Why we need to revisit speed management - A blog by RoadSafe Expert Panel member and Chairman  Agilysis Dan Campsalll.

The uncomfortable truth that road safety performance has flatlined in the UK for nearly a decade is forcing many to ask serious questions about how we can deliver on ambitious targets to reduce road casualties. Maybe some of the clues to a safer future lie in the successes of our recent past.

It is encouraging to see that ambition to drive down, and even eliminate road trauma remains strong in many areas. In August, the UN General Assembly passed a resolution calling on member states to work towards a 50% reduction in road traffic deaths by 2030. Closer to home, Transport for London have undertaken to eliminate death and serious injury from the capital’s roads by 2041 and Highways England has made a commitment that, by 2040, no-one should be harmed when travelling or working on the strategic road network.
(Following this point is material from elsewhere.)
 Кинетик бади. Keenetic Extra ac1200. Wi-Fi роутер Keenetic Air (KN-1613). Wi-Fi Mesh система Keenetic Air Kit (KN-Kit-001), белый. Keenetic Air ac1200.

Meanwhile, we are seeing the emergence of local and regional partnerships, embracing the goal of Vision Zero and working actively from a Safe System template.

These are bold and ambitious objectives which we should expect from leading authorities who attract international attention, but are they deliverable? What will it take to deliver networks which are free from death and serious injury?
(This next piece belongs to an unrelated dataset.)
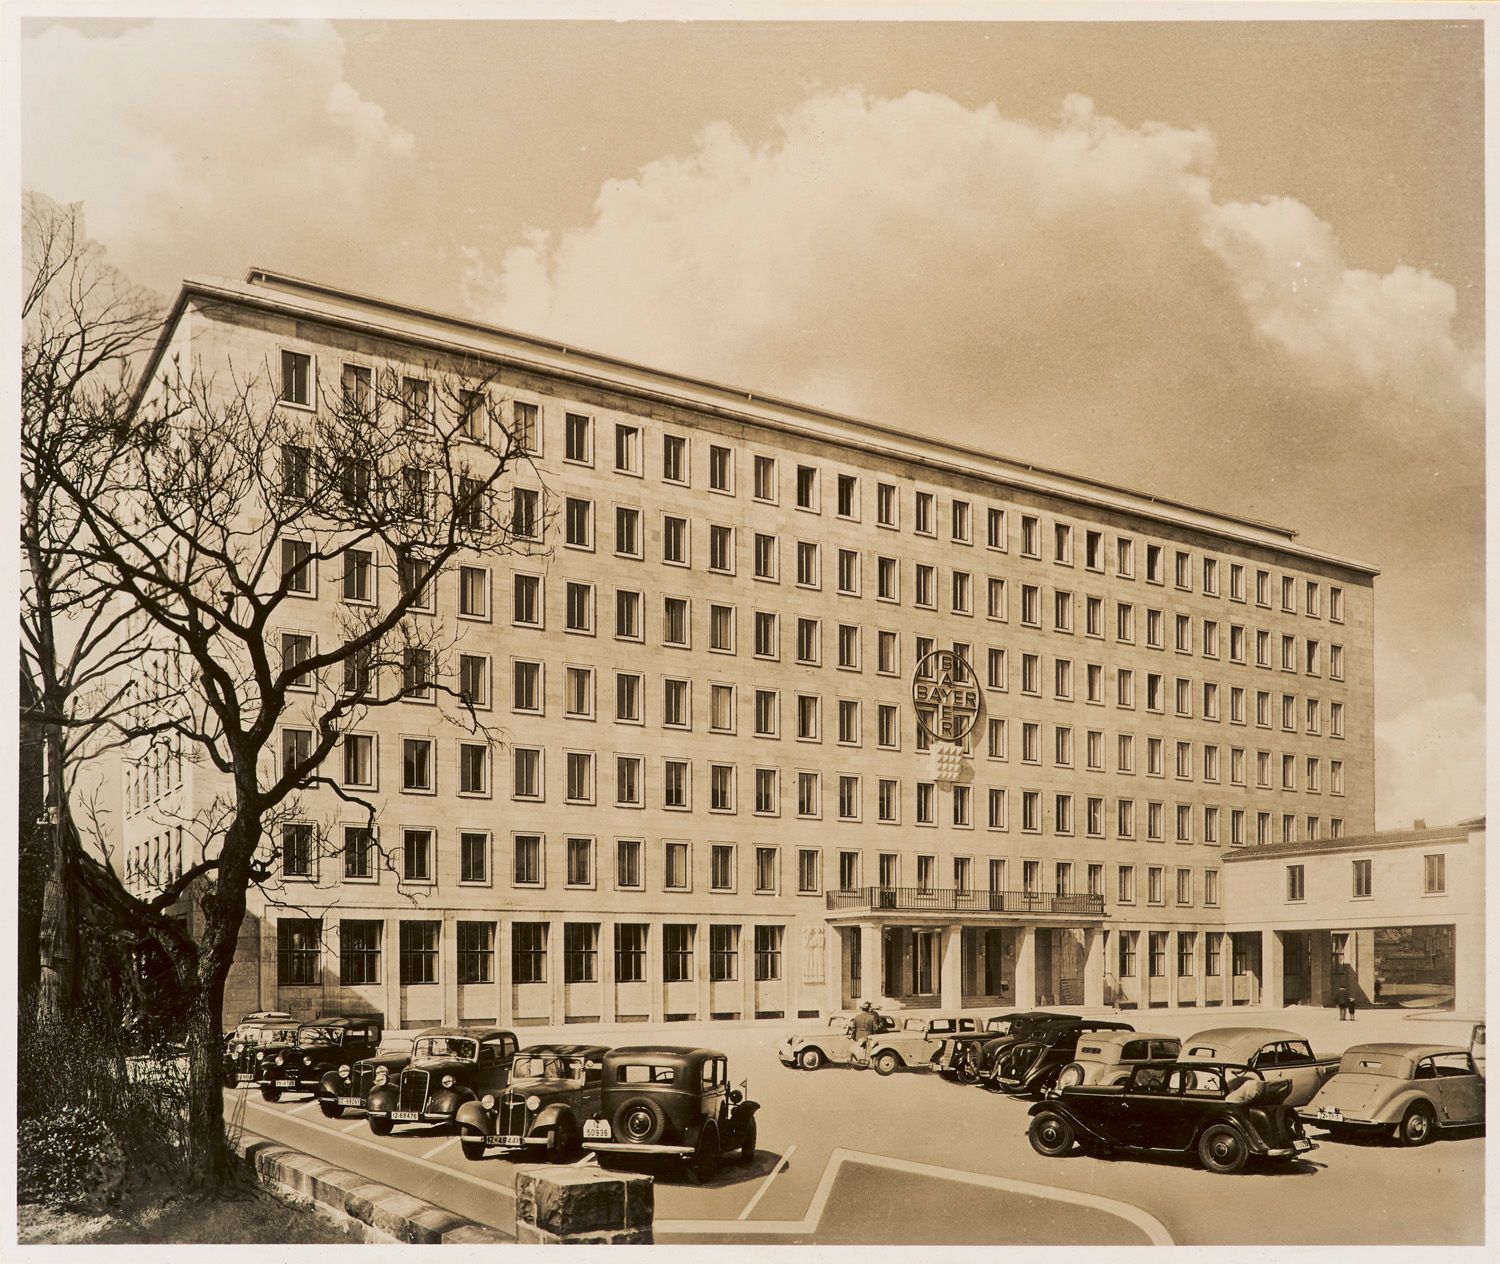 Das "Bayer"-Verwaltungs-Gebäude in Leverkusen. 32 OPhotographien (Vintages, Silb&hellip;

It is just over 20 years since Claes Tingvall & Narelle Haworth published “Vision Zero - An ethical approach to safety and mobility” which many would regard as a seminal piece in our understanding of the interrelationship of speed, safety and mobility. Since then, work on understanding the impact that managing speed has on reducing the frequency and severity of collisions has continued, with programme after programme of speed management demonstrating its effectiveness and evidence of the efficacy of well-designed enforcement programmes has become irrefutable.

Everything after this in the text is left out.